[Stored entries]
=== Section Start ===

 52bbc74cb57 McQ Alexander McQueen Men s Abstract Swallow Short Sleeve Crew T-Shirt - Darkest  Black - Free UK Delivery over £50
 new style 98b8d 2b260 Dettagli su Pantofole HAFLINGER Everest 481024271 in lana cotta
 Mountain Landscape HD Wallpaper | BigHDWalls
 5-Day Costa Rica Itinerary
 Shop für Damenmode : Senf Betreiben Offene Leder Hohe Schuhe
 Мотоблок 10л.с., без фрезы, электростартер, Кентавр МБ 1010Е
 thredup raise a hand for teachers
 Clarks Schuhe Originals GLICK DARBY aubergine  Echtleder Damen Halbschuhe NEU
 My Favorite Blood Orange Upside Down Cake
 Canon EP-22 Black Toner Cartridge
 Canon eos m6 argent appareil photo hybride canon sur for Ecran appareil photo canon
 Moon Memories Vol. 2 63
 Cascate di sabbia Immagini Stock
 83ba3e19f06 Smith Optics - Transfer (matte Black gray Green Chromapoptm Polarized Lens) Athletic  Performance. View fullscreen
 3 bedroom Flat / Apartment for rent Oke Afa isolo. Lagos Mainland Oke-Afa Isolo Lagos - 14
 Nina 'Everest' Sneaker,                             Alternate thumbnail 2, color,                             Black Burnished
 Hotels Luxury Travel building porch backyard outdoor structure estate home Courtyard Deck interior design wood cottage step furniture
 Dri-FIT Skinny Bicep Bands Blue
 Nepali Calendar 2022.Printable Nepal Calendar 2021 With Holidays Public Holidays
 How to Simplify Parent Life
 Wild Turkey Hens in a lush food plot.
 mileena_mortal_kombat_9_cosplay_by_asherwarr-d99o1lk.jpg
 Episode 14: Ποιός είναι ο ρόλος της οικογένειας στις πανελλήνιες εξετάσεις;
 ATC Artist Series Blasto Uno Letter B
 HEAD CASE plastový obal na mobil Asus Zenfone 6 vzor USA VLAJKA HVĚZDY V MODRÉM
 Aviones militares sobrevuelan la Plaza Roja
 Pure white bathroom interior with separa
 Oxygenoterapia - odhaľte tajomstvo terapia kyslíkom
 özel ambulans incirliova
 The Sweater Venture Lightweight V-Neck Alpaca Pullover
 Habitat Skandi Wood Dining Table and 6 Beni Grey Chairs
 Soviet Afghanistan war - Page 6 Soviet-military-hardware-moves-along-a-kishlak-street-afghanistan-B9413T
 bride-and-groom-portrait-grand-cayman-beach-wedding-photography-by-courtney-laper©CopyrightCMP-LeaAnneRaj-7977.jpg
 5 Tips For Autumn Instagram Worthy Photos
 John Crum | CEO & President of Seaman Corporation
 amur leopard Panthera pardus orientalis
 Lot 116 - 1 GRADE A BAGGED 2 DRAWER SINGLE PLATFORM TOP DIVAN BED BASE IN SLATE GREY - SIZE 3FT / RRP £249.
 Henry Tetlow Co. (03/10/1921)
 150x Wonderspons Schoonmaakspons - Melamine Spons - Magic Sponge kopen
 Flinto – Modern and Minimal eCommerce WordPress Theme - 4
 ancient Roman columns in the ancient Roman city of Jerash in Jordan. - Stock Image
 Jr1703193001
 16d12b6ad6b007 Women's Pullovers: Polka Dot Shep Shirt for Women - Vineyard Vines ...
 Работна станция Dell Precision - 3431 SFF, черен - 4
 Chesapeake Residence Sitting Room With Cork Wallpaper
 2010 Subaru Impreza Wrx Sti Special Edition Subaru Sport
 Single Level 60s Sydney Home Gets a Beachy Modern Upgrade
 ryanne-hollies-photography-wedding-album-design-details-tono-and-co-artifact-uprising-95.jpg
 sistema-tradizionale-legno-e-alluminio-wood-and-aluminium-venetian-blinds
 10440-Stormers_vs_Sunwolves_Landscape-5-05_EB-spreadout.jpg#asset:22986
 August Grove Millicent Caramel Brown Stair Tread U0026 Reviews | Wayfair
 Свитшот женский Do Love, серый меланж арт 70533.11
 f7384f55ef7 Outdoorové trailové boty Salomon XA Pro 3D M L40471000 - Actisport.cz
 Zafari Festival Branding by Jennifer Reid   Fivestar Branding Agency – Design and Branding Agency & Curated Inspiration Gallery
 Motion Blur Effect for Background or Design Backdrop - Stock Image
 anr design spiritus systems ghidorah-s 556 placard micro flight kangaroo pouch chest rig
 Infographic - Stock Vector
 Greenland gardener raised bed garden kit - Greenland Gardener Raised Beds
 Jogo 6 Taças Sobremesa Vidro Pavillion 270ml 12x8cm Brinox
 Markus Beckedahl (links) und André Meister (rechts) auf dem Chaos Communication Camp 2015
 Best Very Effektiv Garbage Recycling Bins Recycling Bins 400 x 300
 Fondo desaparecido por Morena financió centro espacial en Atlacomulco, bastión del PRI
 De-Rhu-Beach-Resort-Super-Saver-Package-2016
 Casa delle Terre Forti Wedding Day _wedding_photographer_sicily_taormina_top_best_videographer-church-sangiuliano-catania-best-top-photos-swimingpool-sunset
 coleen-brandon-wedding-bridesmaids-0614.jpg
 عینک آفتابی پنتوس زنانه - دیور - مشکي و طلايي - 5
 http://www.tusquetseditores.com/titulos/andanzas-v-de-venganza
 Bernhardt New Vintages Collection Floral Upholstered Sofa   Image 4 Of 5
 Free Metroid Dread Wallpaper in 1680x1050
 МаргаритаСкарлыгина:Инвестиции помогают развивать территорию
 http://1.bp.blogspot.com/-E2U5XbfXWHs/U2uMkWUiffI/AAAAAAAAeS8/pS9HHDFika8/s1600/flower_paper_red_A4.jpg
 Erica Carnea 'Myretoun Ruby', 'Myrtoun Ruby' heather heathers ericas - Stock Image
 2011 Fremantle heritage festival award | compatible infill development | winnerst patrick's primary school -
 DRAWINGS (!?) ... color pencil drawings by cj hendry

=== Section End ===

- **Task prompt**: Return the entries above unchanged, starting at the first line and stopping after the line with "Pure white bathroom interior with separa".

- **Solution for this exercise**:
 52bbc74cb57 McQ Alexander McQueen Men s Abstract Swallow Short Sleeve Crew T-Shirt - Darkest  Black - Free UK Delivery over £50
 new style 98b8d 2b260 Dettagli su Pantofole HAFLINGER Everest 481024271 in lana cotta
 Mountain Landscape HD Wallpaper | BigHDWalls
 5-Day Costa Rica Itinerary
 Shop für Damenmode : Senf Betreiben Offene Leder Hohe Schuhe
 Мотоблок 10л.с., без фрезы, электростартер, Кентавр МБ 1010Е
 thredup raise a hand for teachers
 Clarks Schuhe Originals GLICK DARBY aubergine  Echtleder Damen Halbschuhe NEU
 My Favorite Blood Orange Upside Down Cake
 Canon EP-22 Black Toner Cartridge
 Canon eos m6 argent appareil photo hybride canon sur for Ecran appareil photo canon
 Moon Memories Vol. 2 63
 Cascate di sabbia Immagini Stock
 83ba3e19f06 Smith Optics - Transfer (matte Black gray Green Chromapoptm Polarized Lens) Athletic  Performance. View fullscreen
 3 bedroom Flat / Apartment for rent Oke Afa isolo. Lagos Mainland Oke-Afa Isolo Lagos - 14
 Nina 'Everest' Sneaker,                             Alternate thumbnail 2, color,                             Black Burnished
 Hotels Luxury Travel building porch backyard outdoor structure estate home Courtyard Deck interior design wood cottage step furniture
 Dri-FIT Skinny Bicep Bands Blue
 Nepali Calendar 2022.Printable Nepal Calendar 2021 With Holidays Public Holidays
 How to Simplify Parent Life
 Wild Turkey Hens in a lush food plot.
 mileena_mortal_kombat_9_cosplay_by_asherwarr-d99o1lk.jpg
 Episode 14: Ποιός είναι ο ρόλος της οικογένειας στις πανελλήνιες εξετάσεις;
 ATC Artist Series Blasto Uno Letter B
 HEAD CASE plastový obal na mobil Asus Zenfone 6 vzor USA VLAJKA HVĚZDY V MODRÉM
 Aviones militares sobrevuelan la Plaza Roja
 Pure white bathroom interior with separa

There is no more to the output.